→ WHAT IS NEEDED:
Word for word, restate the lines from the one holding "Pelikan special M200" through the last line of the material below, and leave every picture out.

→ RECORDED INFORMATION:
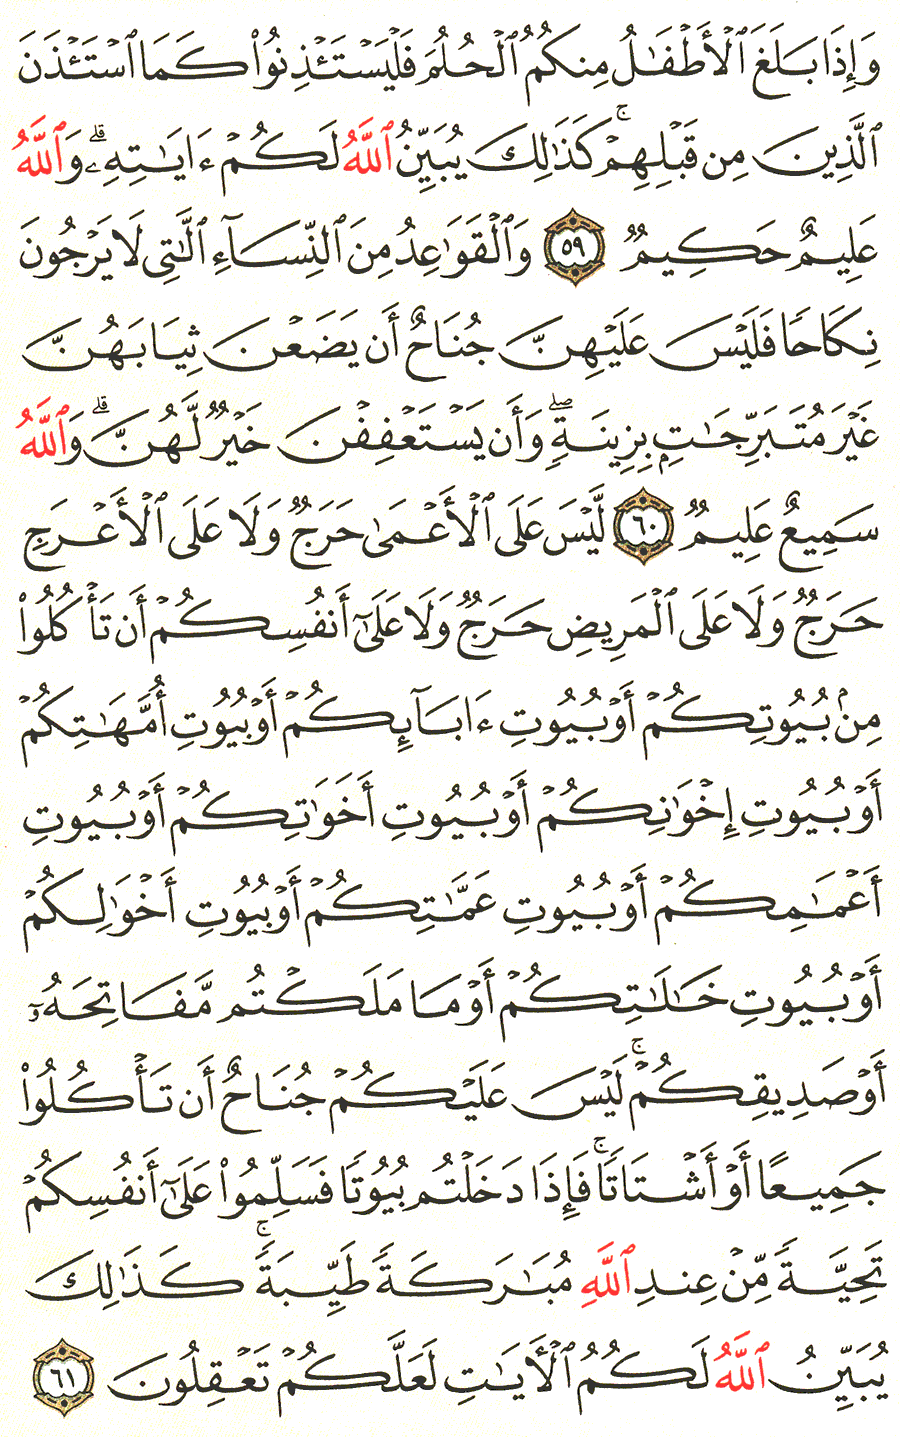 الصفحة رقم 358  من القرآن الكريم مكتوبة من المصحف
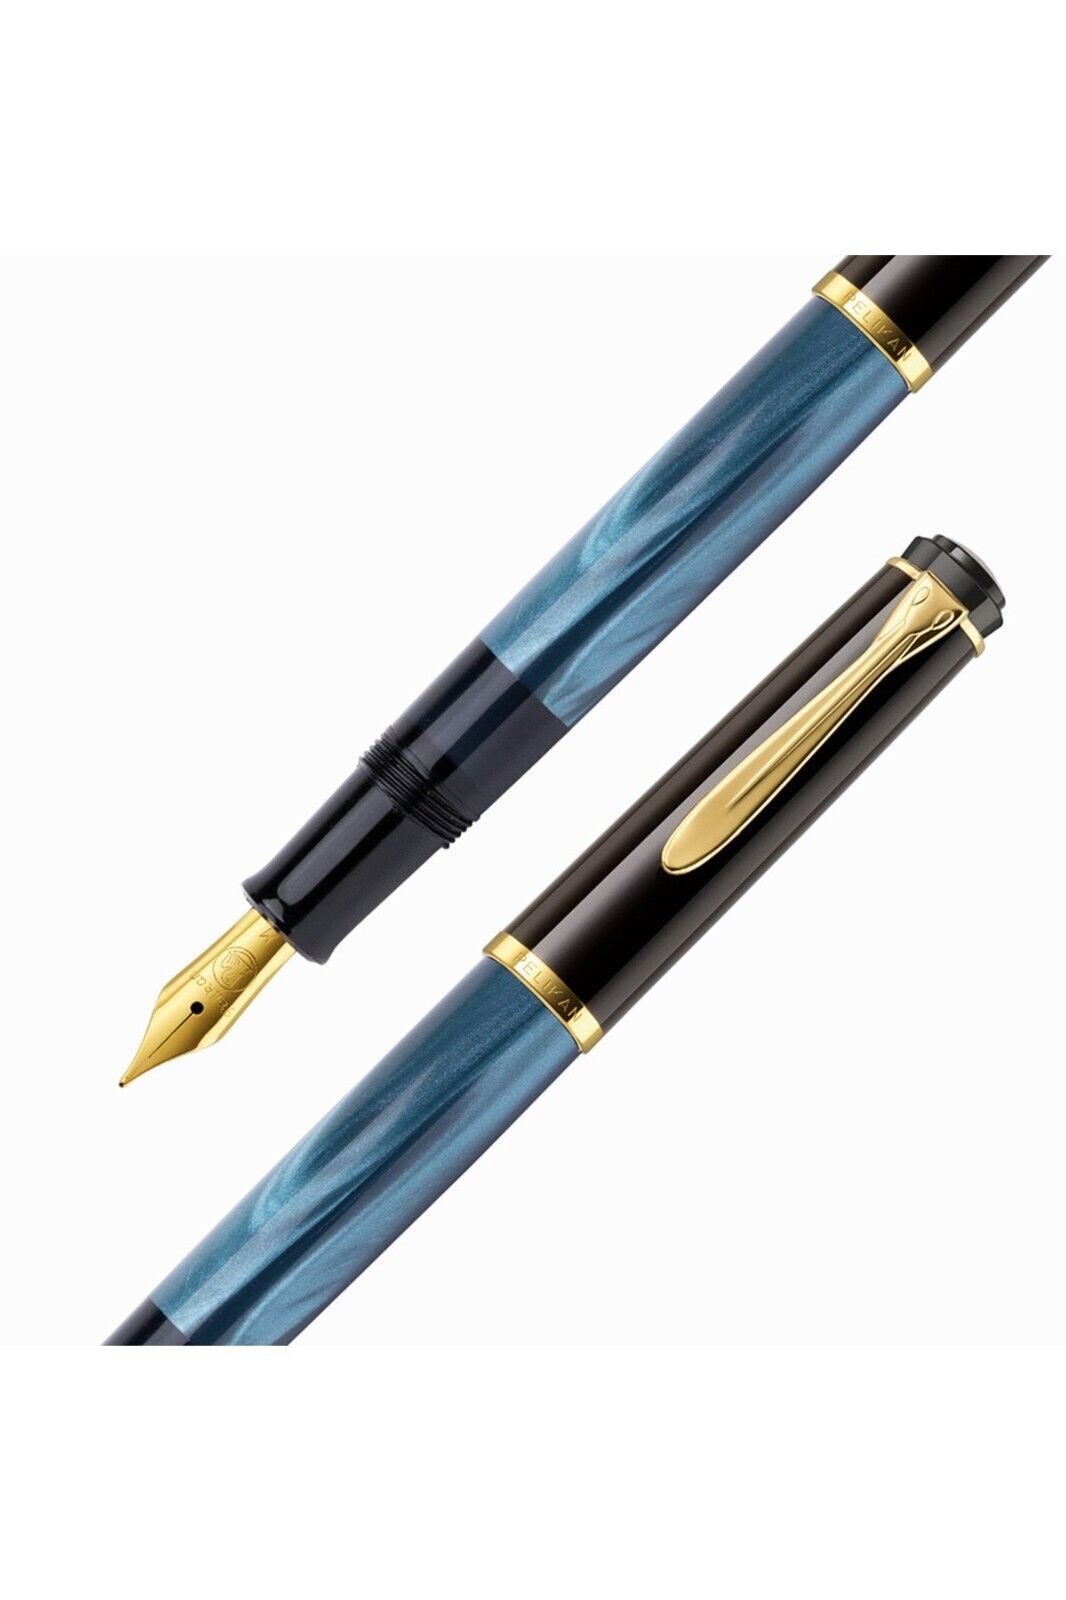 Pelikan special M200 Pearl Blue Fountain  Pen - EF Nib
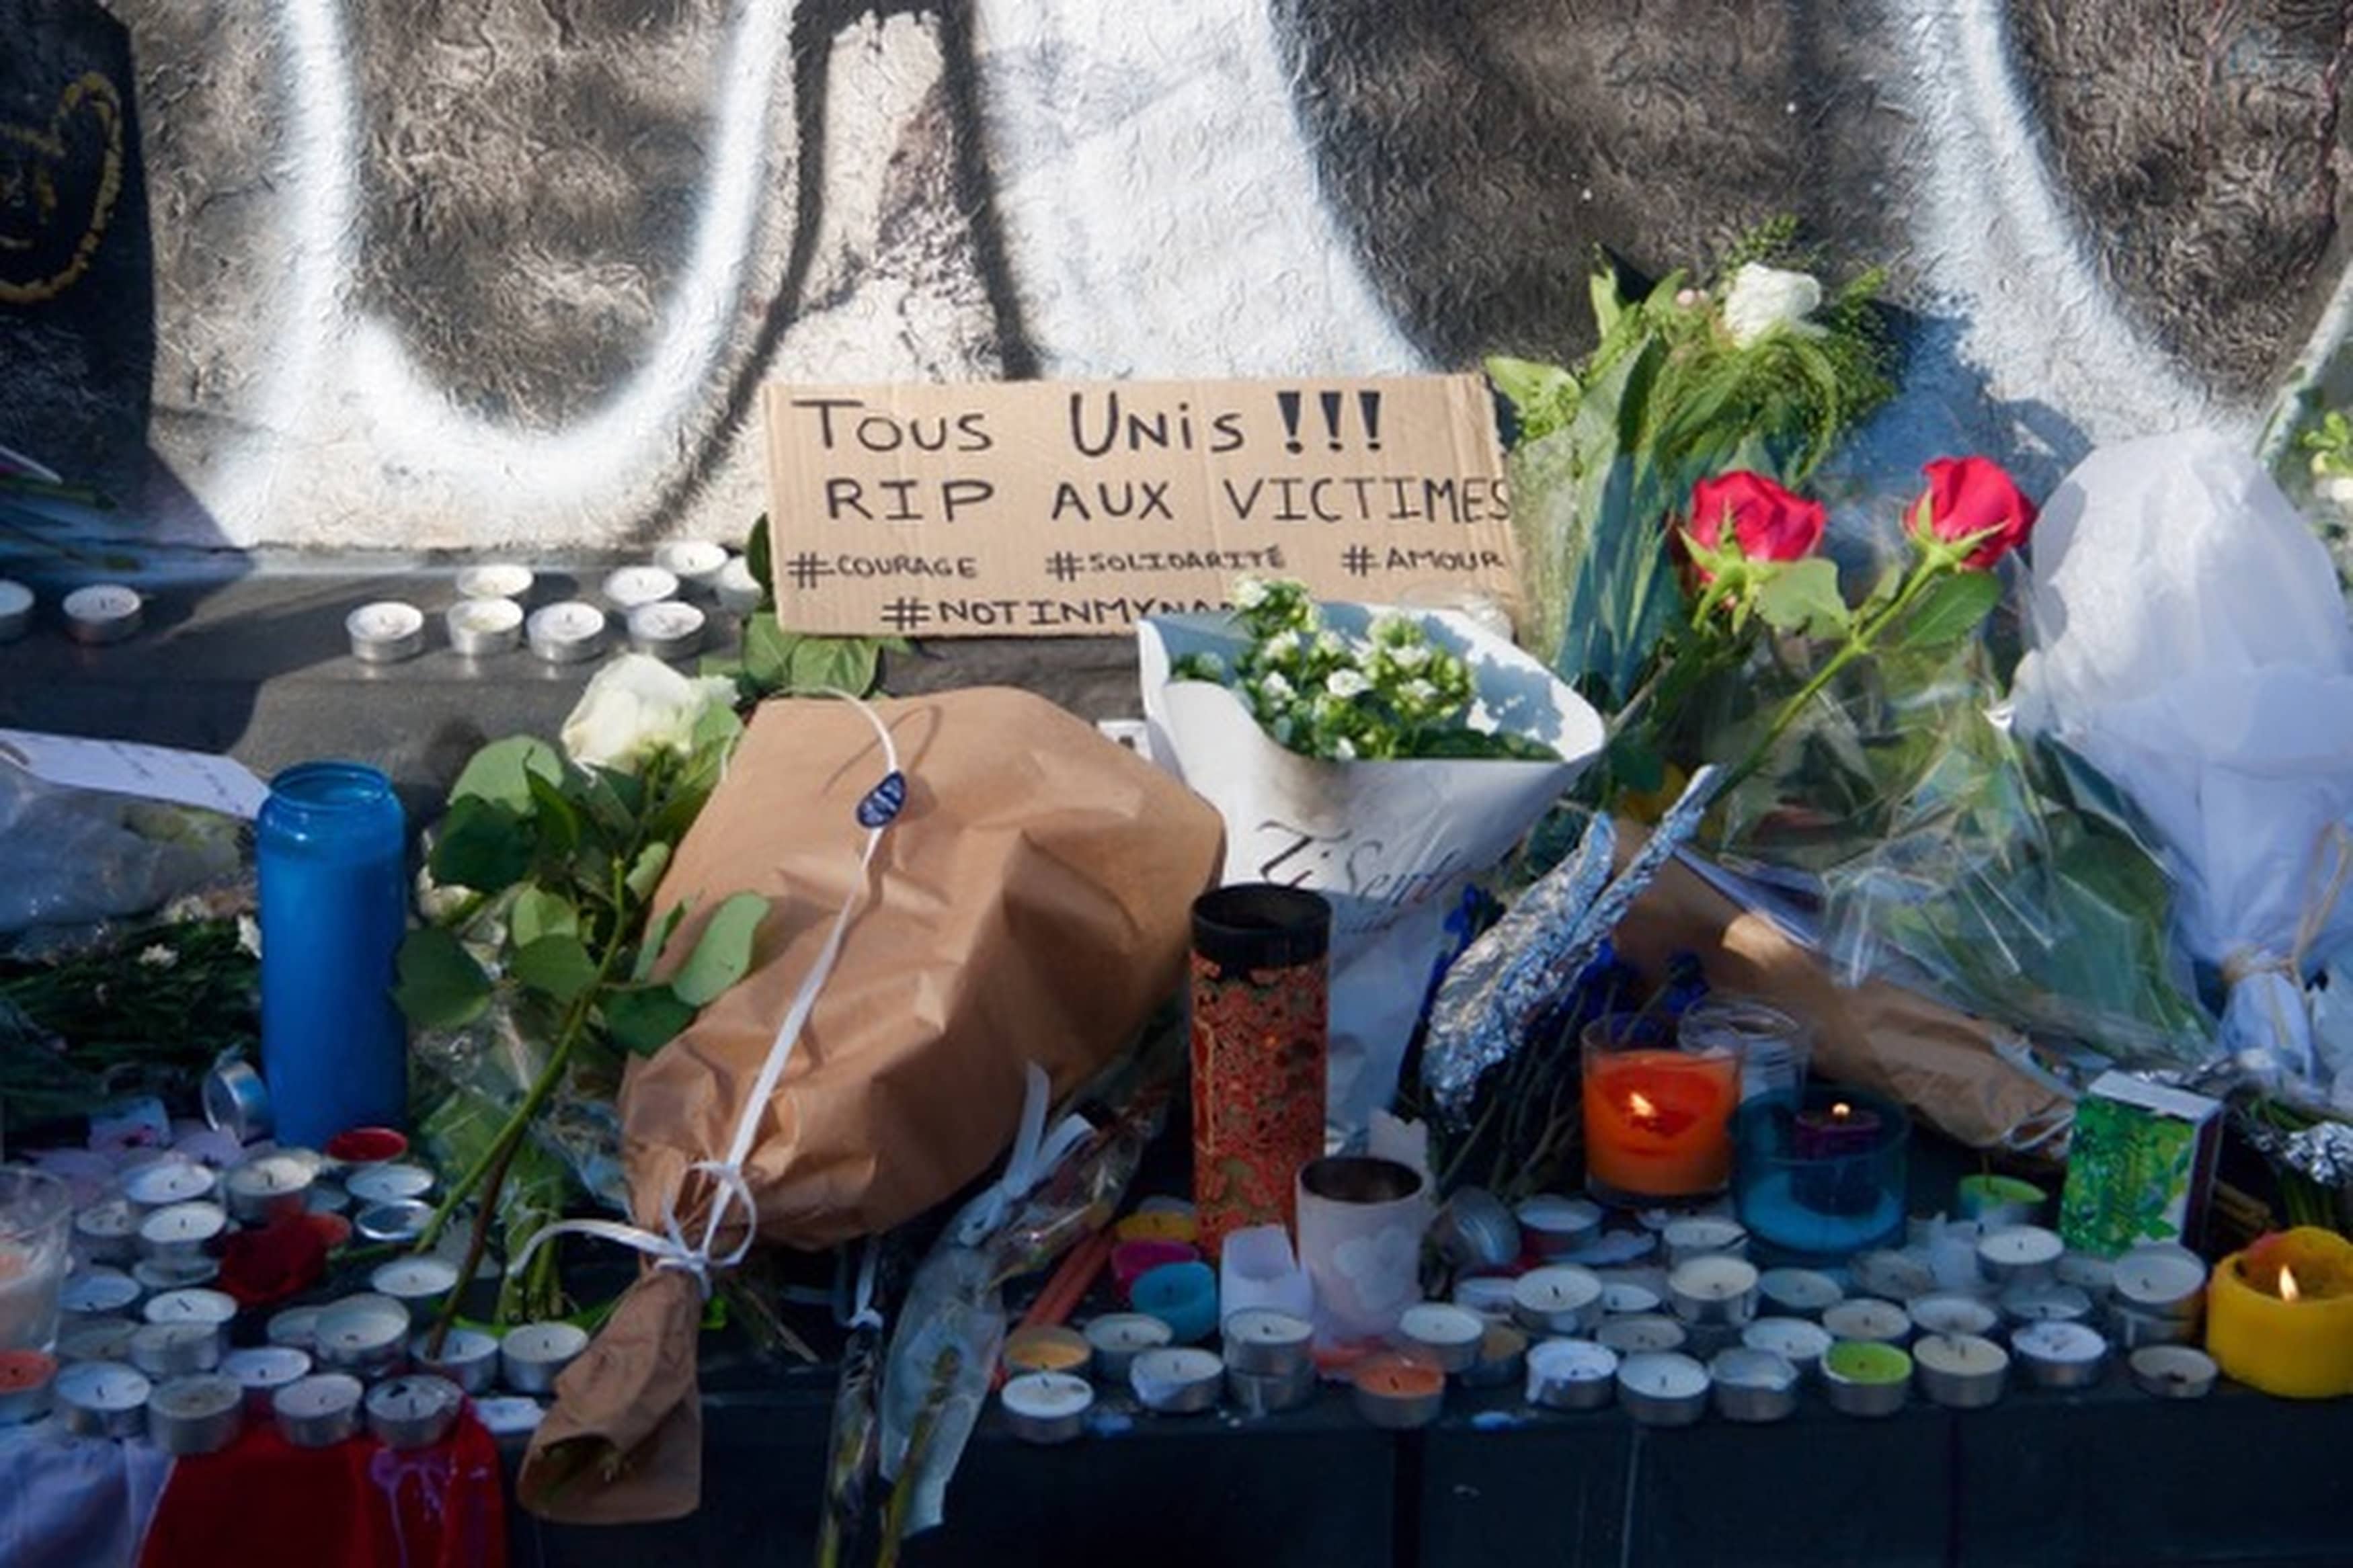 A memorial is seen at the Place de la Republique in Paris on 15 November. Photo: CNS/Lucie Brousseau

→ SOLUTION TO THE EXERCISE:
 Pelikan special M200 Pearl Blue Fountain  Pen - EF Nib
 A memorial is seen at the Place de la Republique in Paris on 15 November. Photo: CNS/Lucie Brousseau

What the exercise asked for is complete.